There are limitations, however, to how far each civilization will advance in terms of space travel. For example, a Type I civilization, as we have seen, is limited by its planetary energy. At best, it will master the art of terraforming a planet like Mars and begin to explore the nearest stars. Robotic probes will begin exploring nearby solar systems and perhaps the first astronauts will be sent to the nearest star, like Proxima Centauri. But its technology and its economy are not sufficiently advanced to begin the systematic colonization of scores of nearby star systems.
For a Type II civilization, which is centuries to millennia more advanced, colonization of a sector of the Milky Way becomes a real possibility. But even for a Type II civilization, eventually they are constrained by the light barrier. If we assume that faster-than-light propulsion is not available to them, it may take many centuries to colonize their sector of the galaxy.
But if it takes centuries to go from one star system to another, then eventually the ties to the home world
become extremely tenuous. Planets will eventually lose contact with other worlds, and new branches of humanity may emerge that can adapt to radically different environments. Colonists may also genetically and cybernetically modify themselves to adapt to strange environments. Eventually, they may not feel any connection to the home planet.
This seems to contradict the vision of Asimov in his Foundation series, with a Galactic Empire emerging fifty thousand years from now that has colonized most of the galaxy. Can we reconcile these two very different visions of the future?
Is the ultimate fate of human civilization to splinter into smaller entities, with only the sketchiest knowledge of one another? This raises the ultimate question: Will we gain the stars but lose our humanity in the process? And what does it mean to be human anyway if there are so many distinct branches of humanity?
This divergence seems to be universal in nature, a common thread that runs through all of evolution, not just humanity. Darwin was the first to see how this occurs through the animal and plant kingdoms when he sketched a prophetic diagram in his notebook. He drew a picture of the branches of a tree, with different arms diverging into smaller branches. In one simple diagram, he drew the tree of life, with all the diversity of nature evolving from a single species.
Perhaps this diagram applies not only to life on Earth but to humanity itself thousands of years from now, when we become a Type II civilization capable of colonizing the nearby stars.
GREAT DIASPORA IN THE GALAXY
To gain some concrete insight into this problem, we have to reanalyze our own evolution.
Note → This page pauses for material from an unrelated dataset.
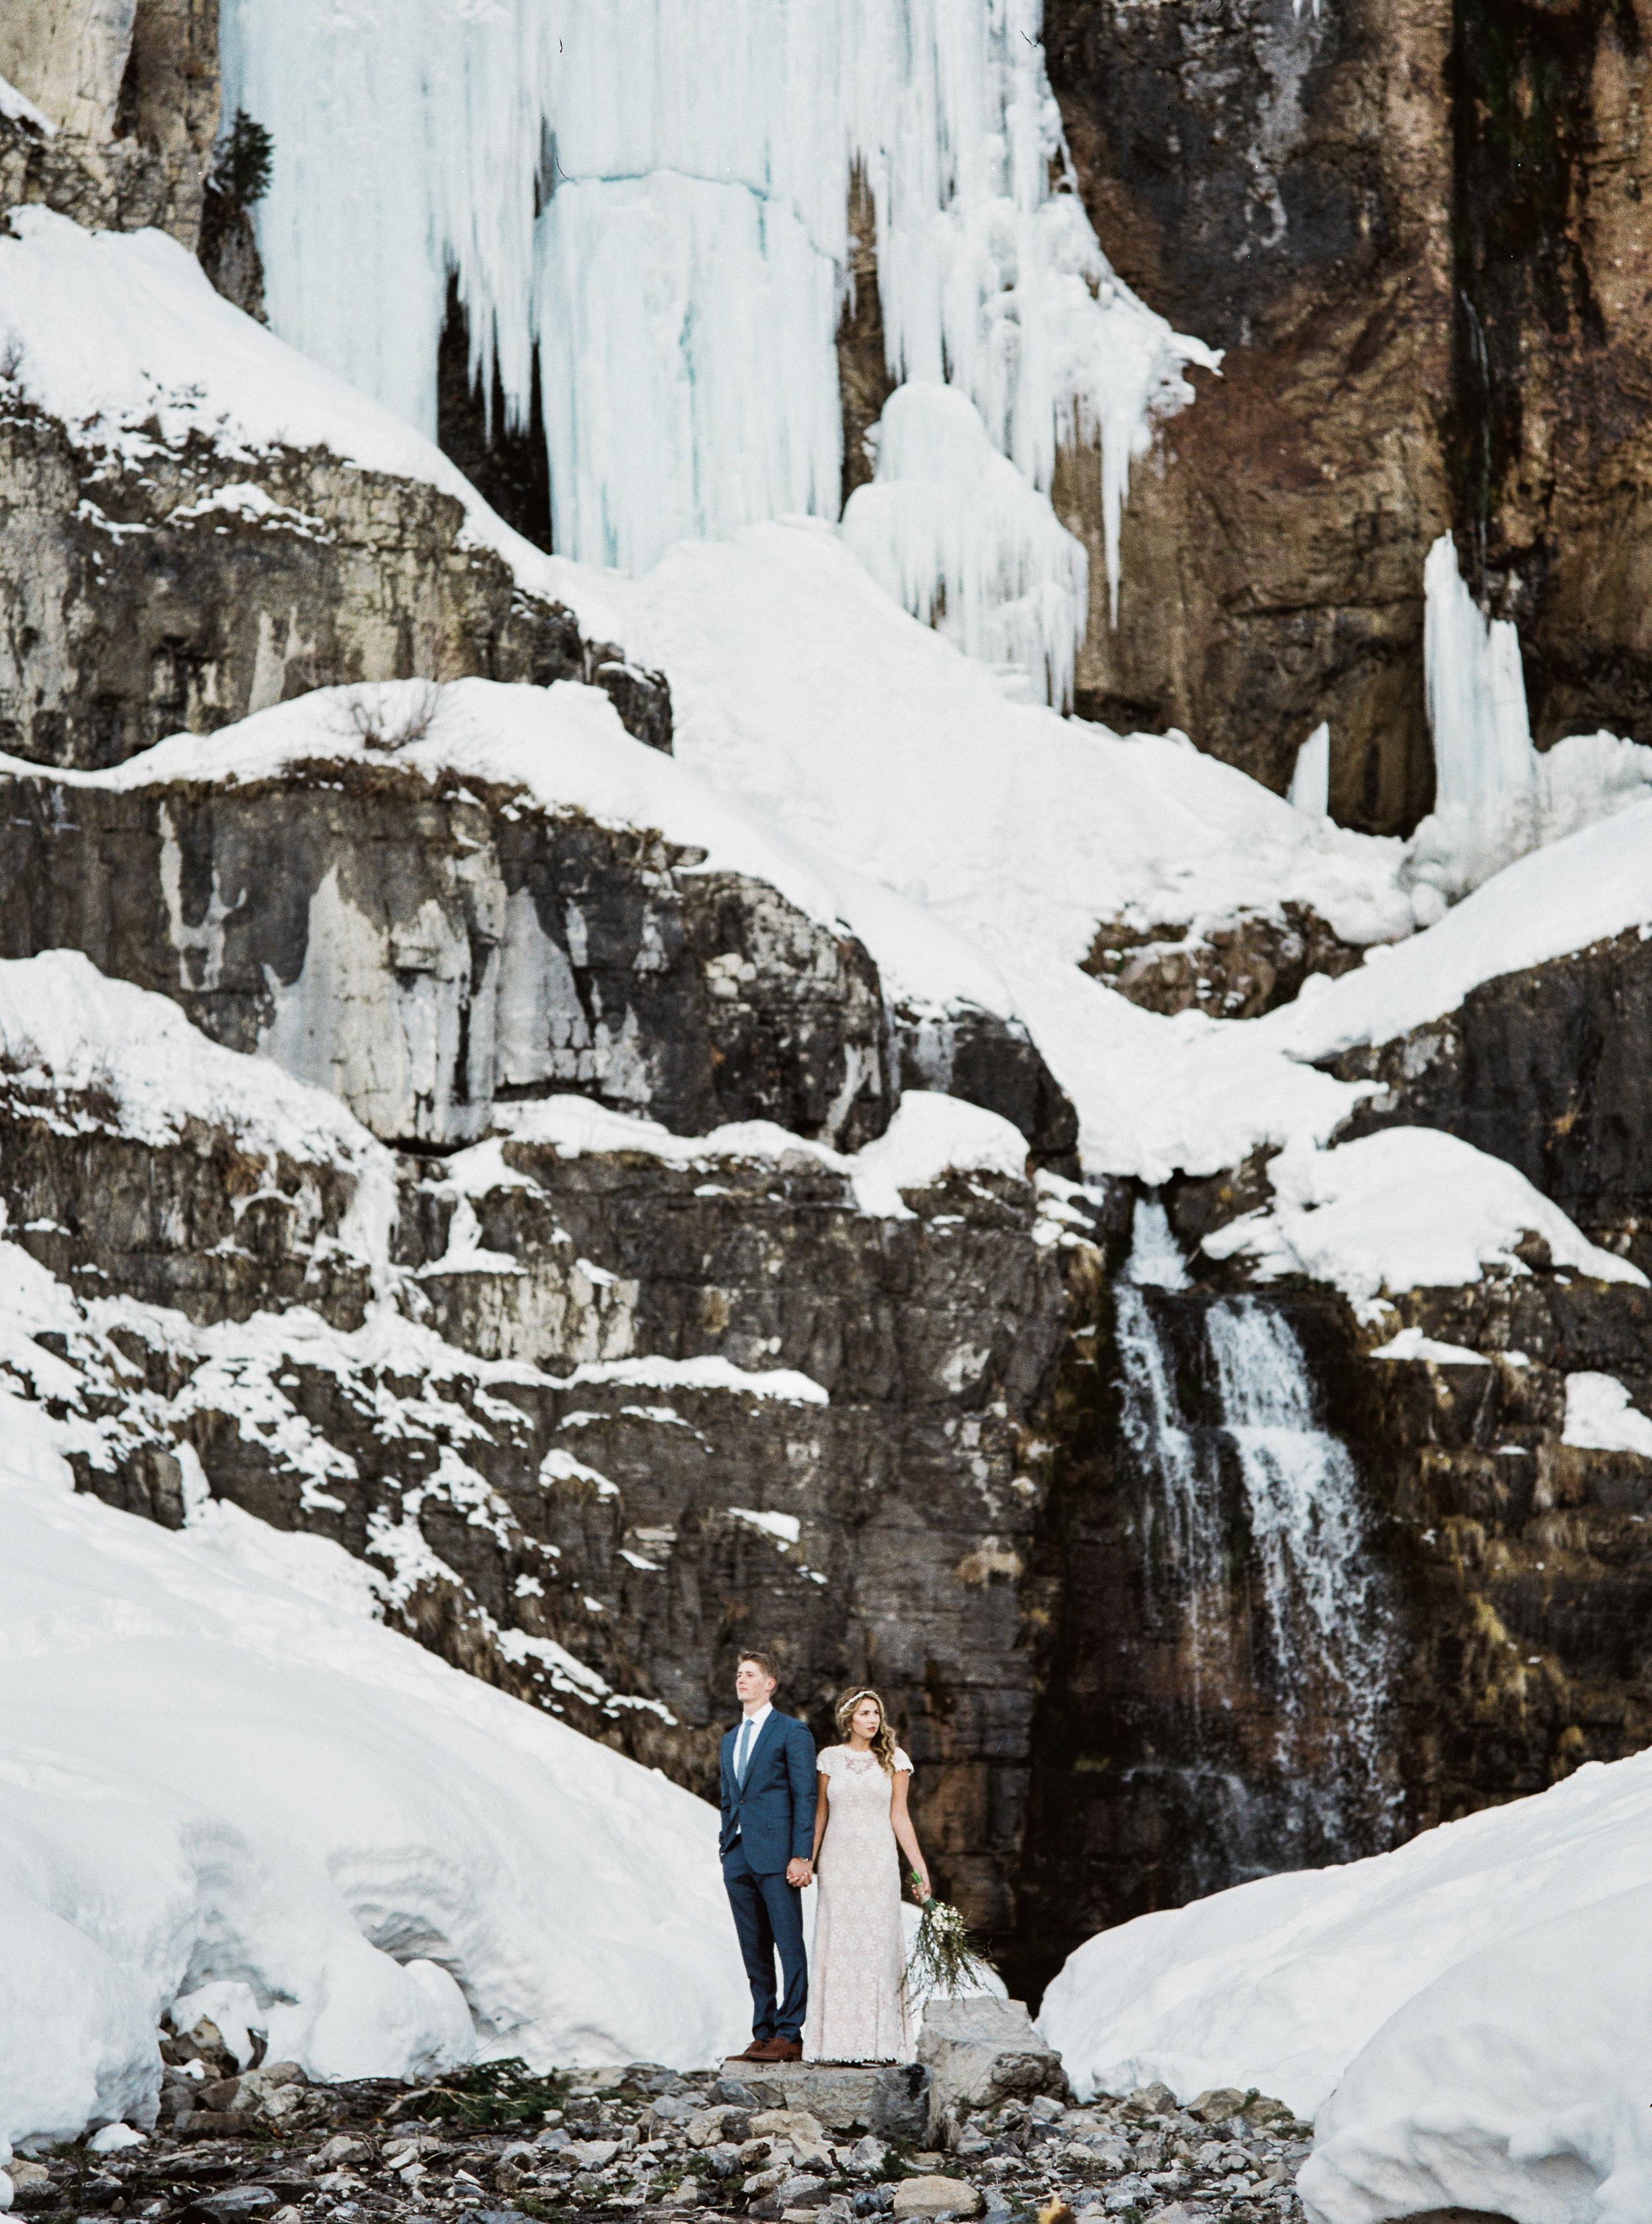 Bridal Veil Falls wedding bridals portraits film fuji 400h

Looking at the sweep of human history, we can see that roughly seventy-five thousand years ago, a Great Diaspora took place, with small bands of humans moving away from Africa through the Middle East, creating settlements along the way. Perhaps driven by ecological disasters, such as the Toba eruption and a glaciation period, one of the main branches went through the Middle East and journeyed on to Central Asia. Then this migration split further into several smaller branches about forty thousand years ago. One branch kept on going east and eventually settled in Asia, forming the core of the modern Asian people. The other branch turned around and went into northern Europe, eventually becoming Caucasians. Yet another branch went southeast and eventually passed through India and into Southeast Asia and then Australia.